Information shown:

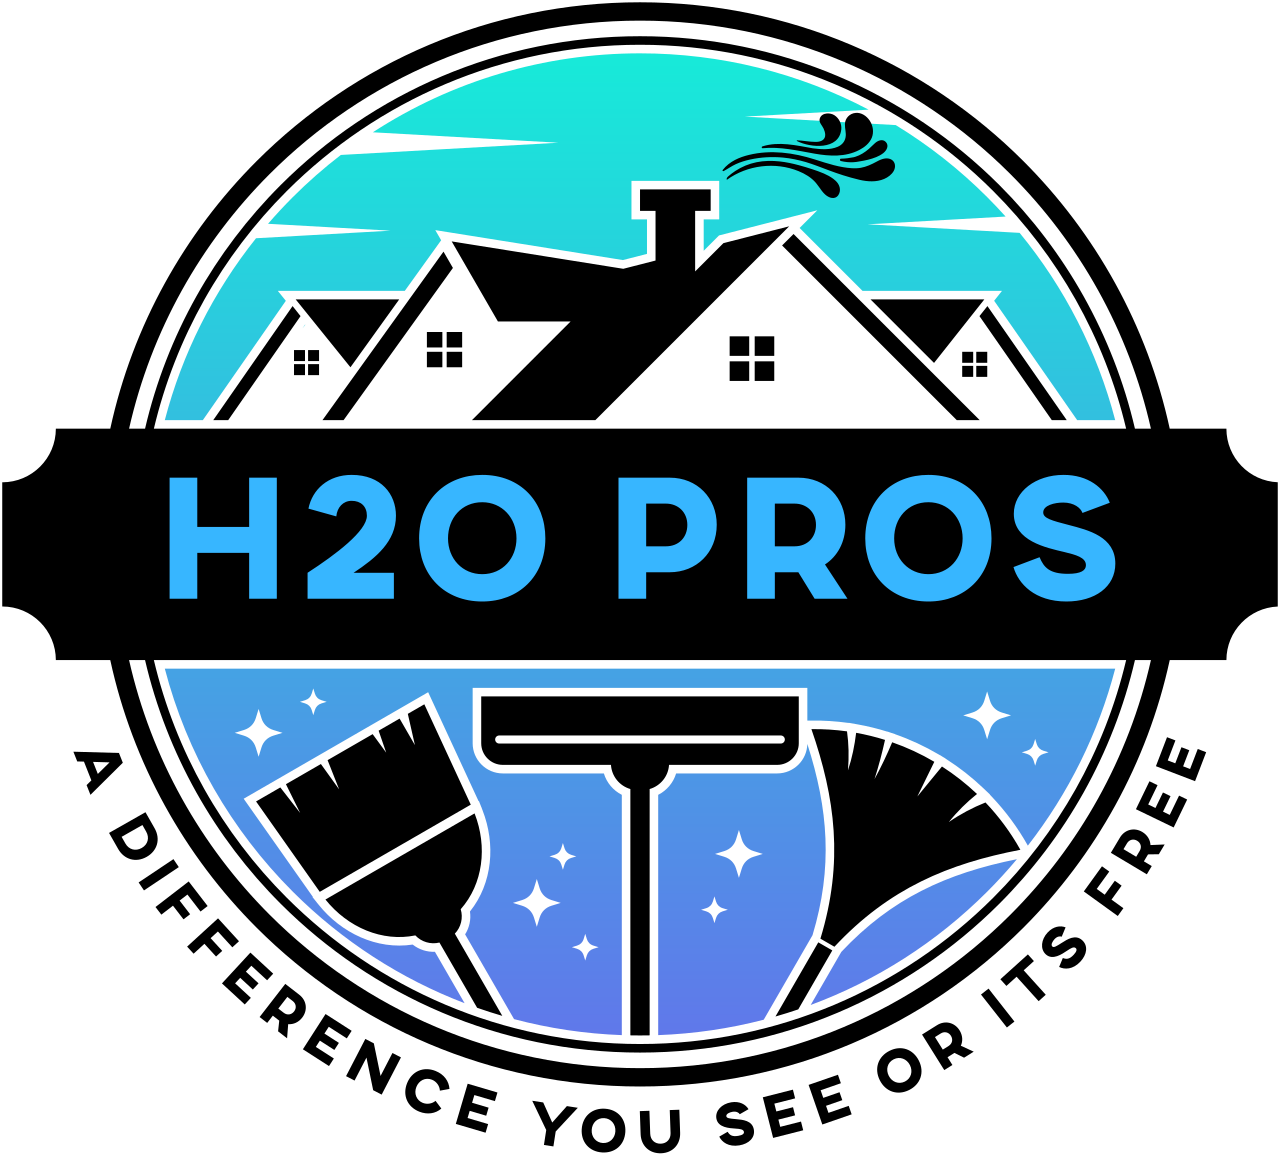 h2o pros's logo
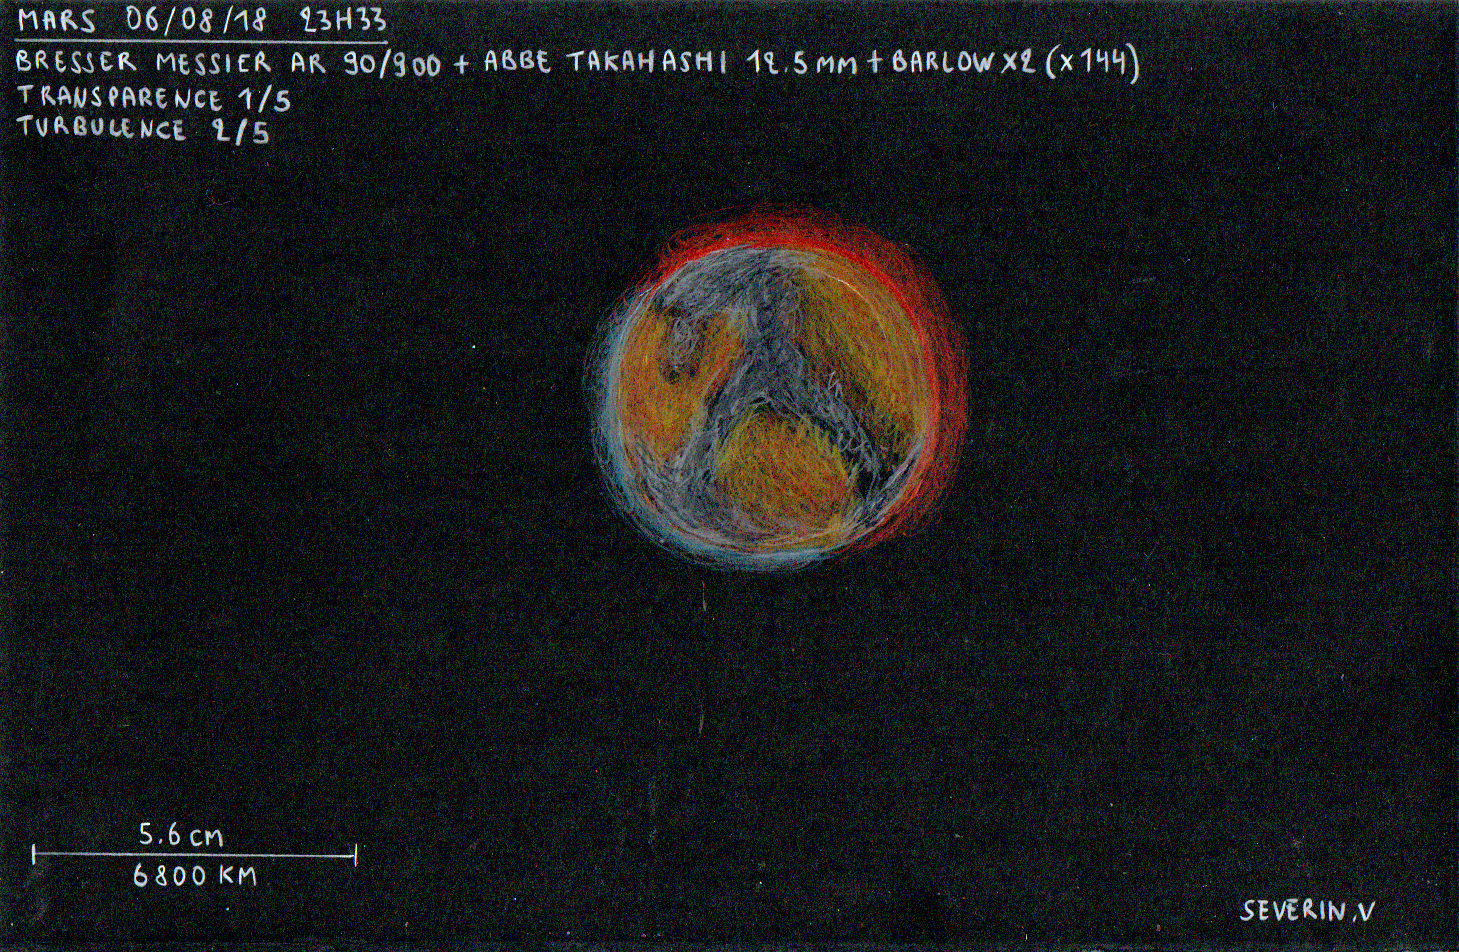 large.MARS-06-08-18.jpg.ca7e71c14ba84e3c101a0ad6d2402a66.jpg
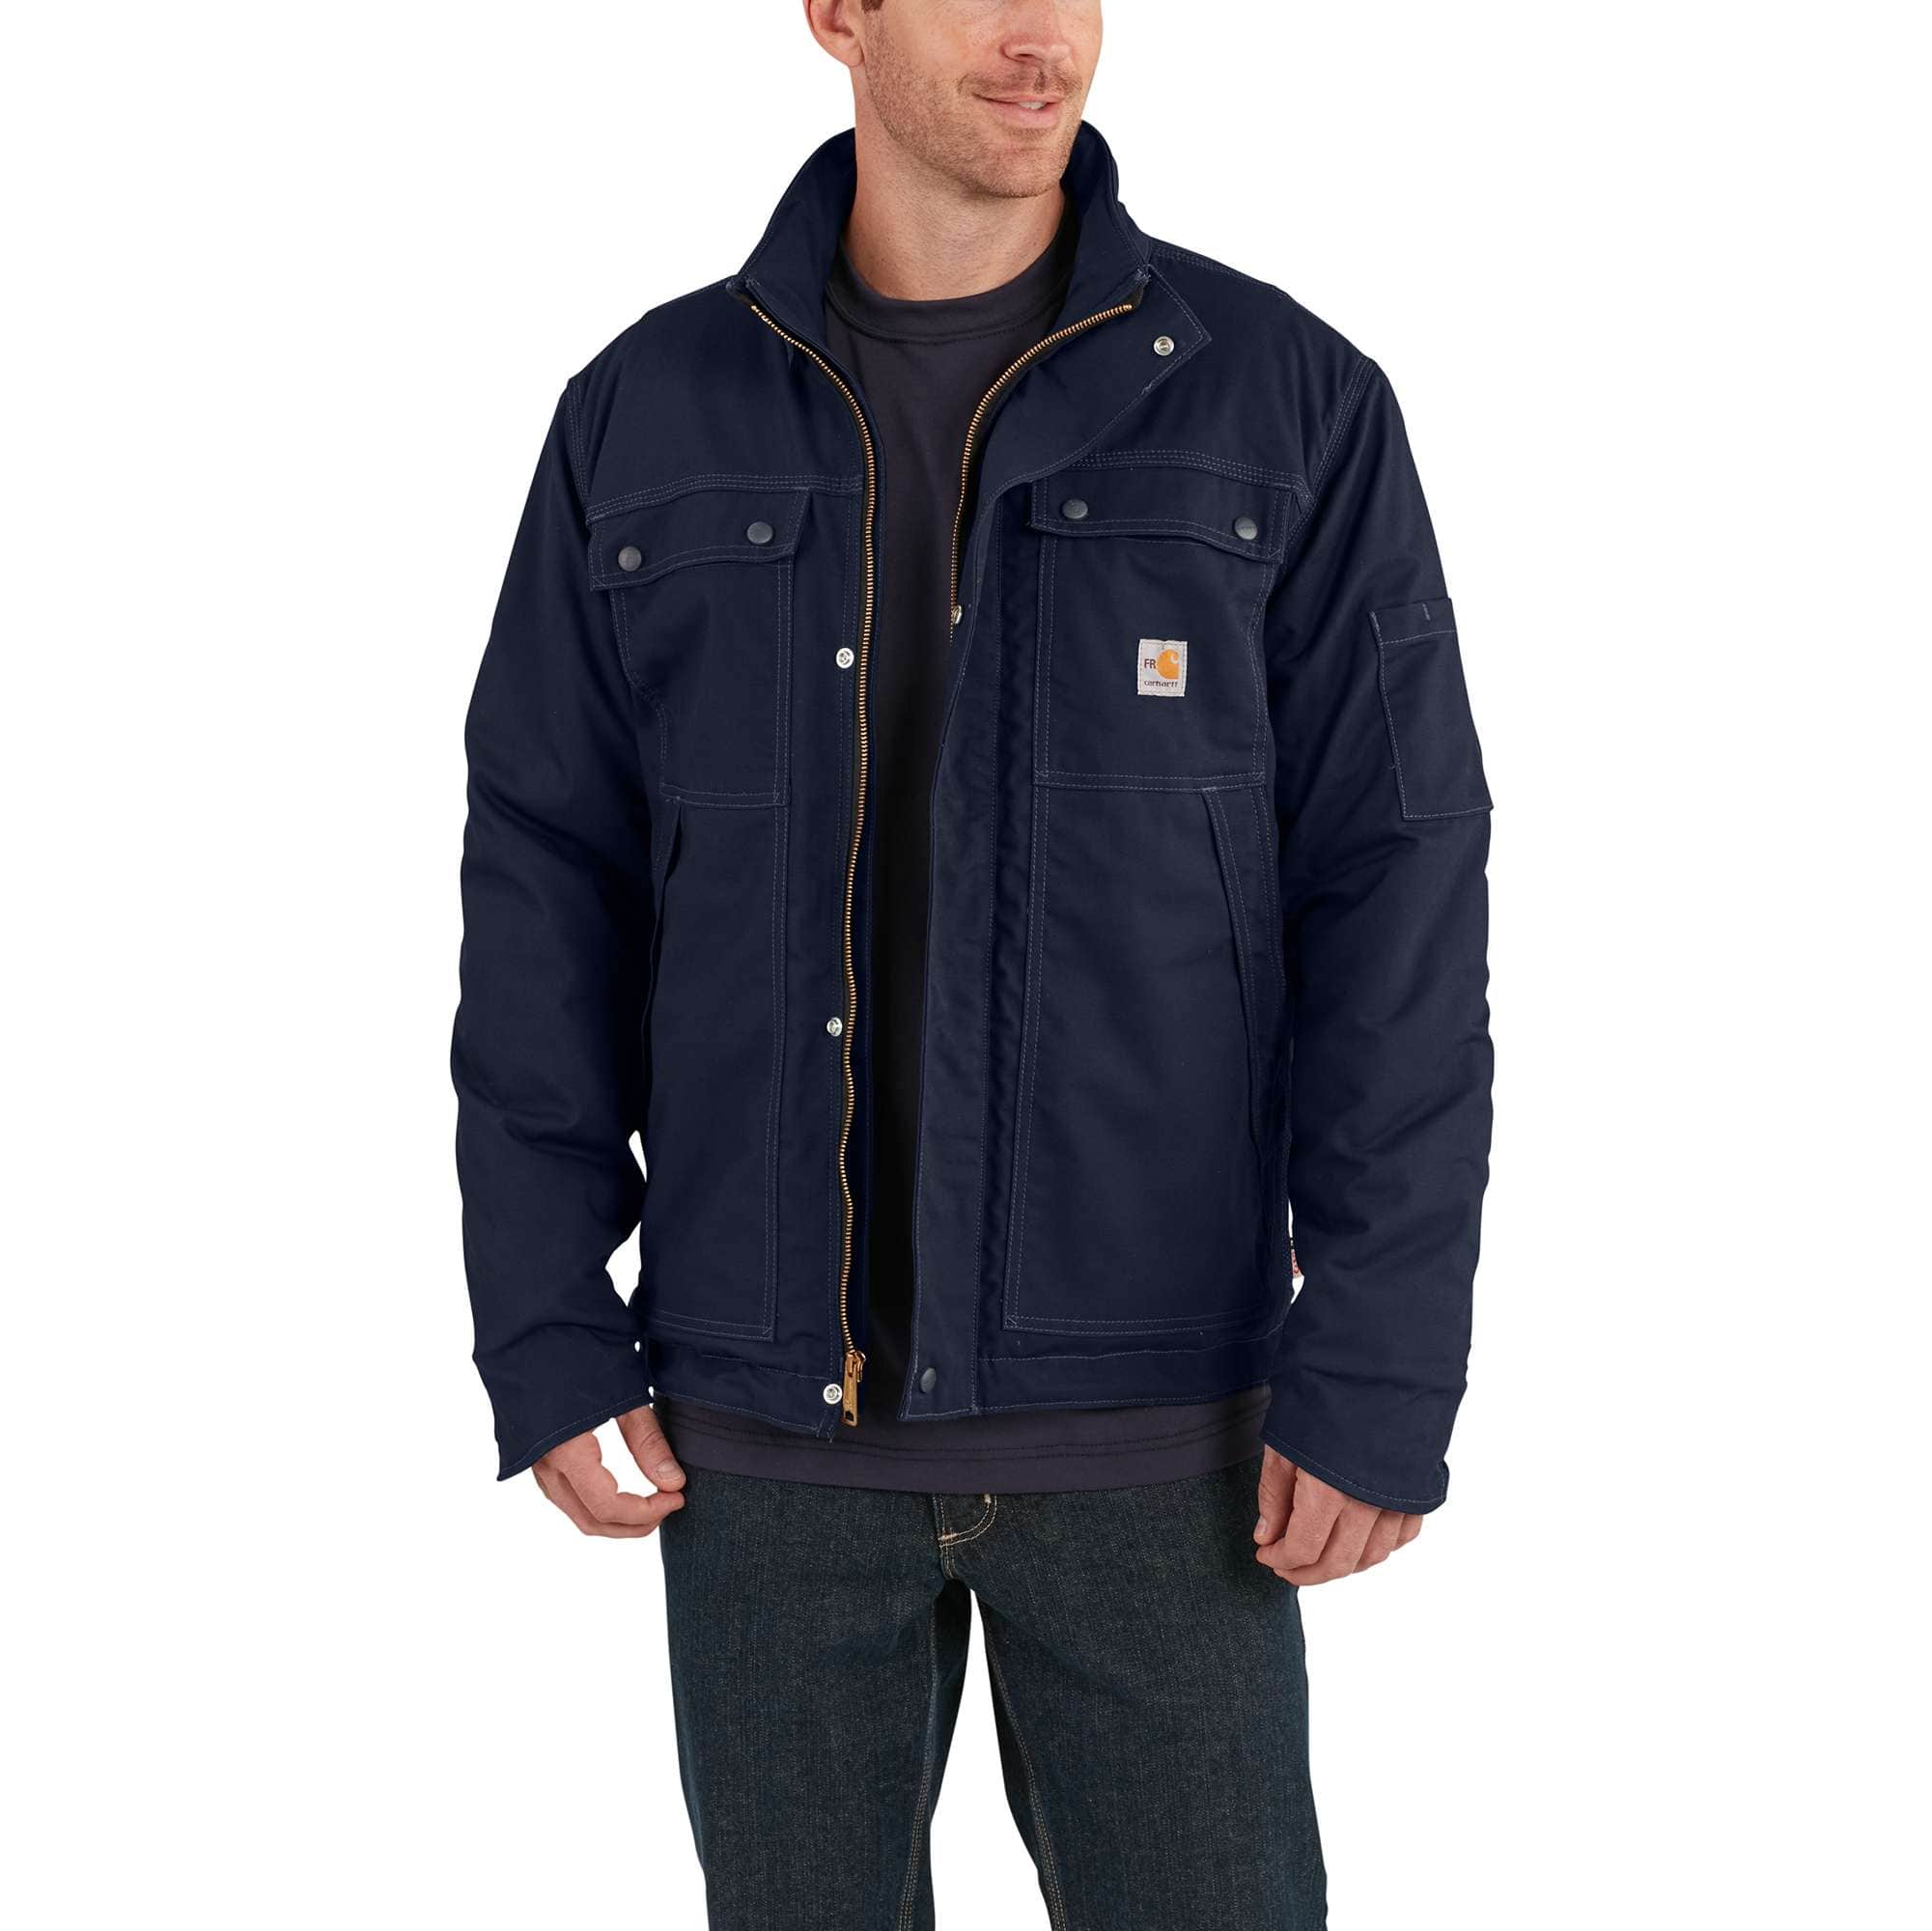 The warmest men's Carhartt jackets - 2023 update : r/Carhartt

What you should do:
Reproduce the full listing above verbatim, with no pictures included.

Problem solution:
 h2o pros's logo
 large.MARS-06-08-18.jpg.ca7e71c14ba84e3c101a0ad6d2402a66.jpg
 The warmest men's Carhartt jackets - 2023 update : r/Carhartt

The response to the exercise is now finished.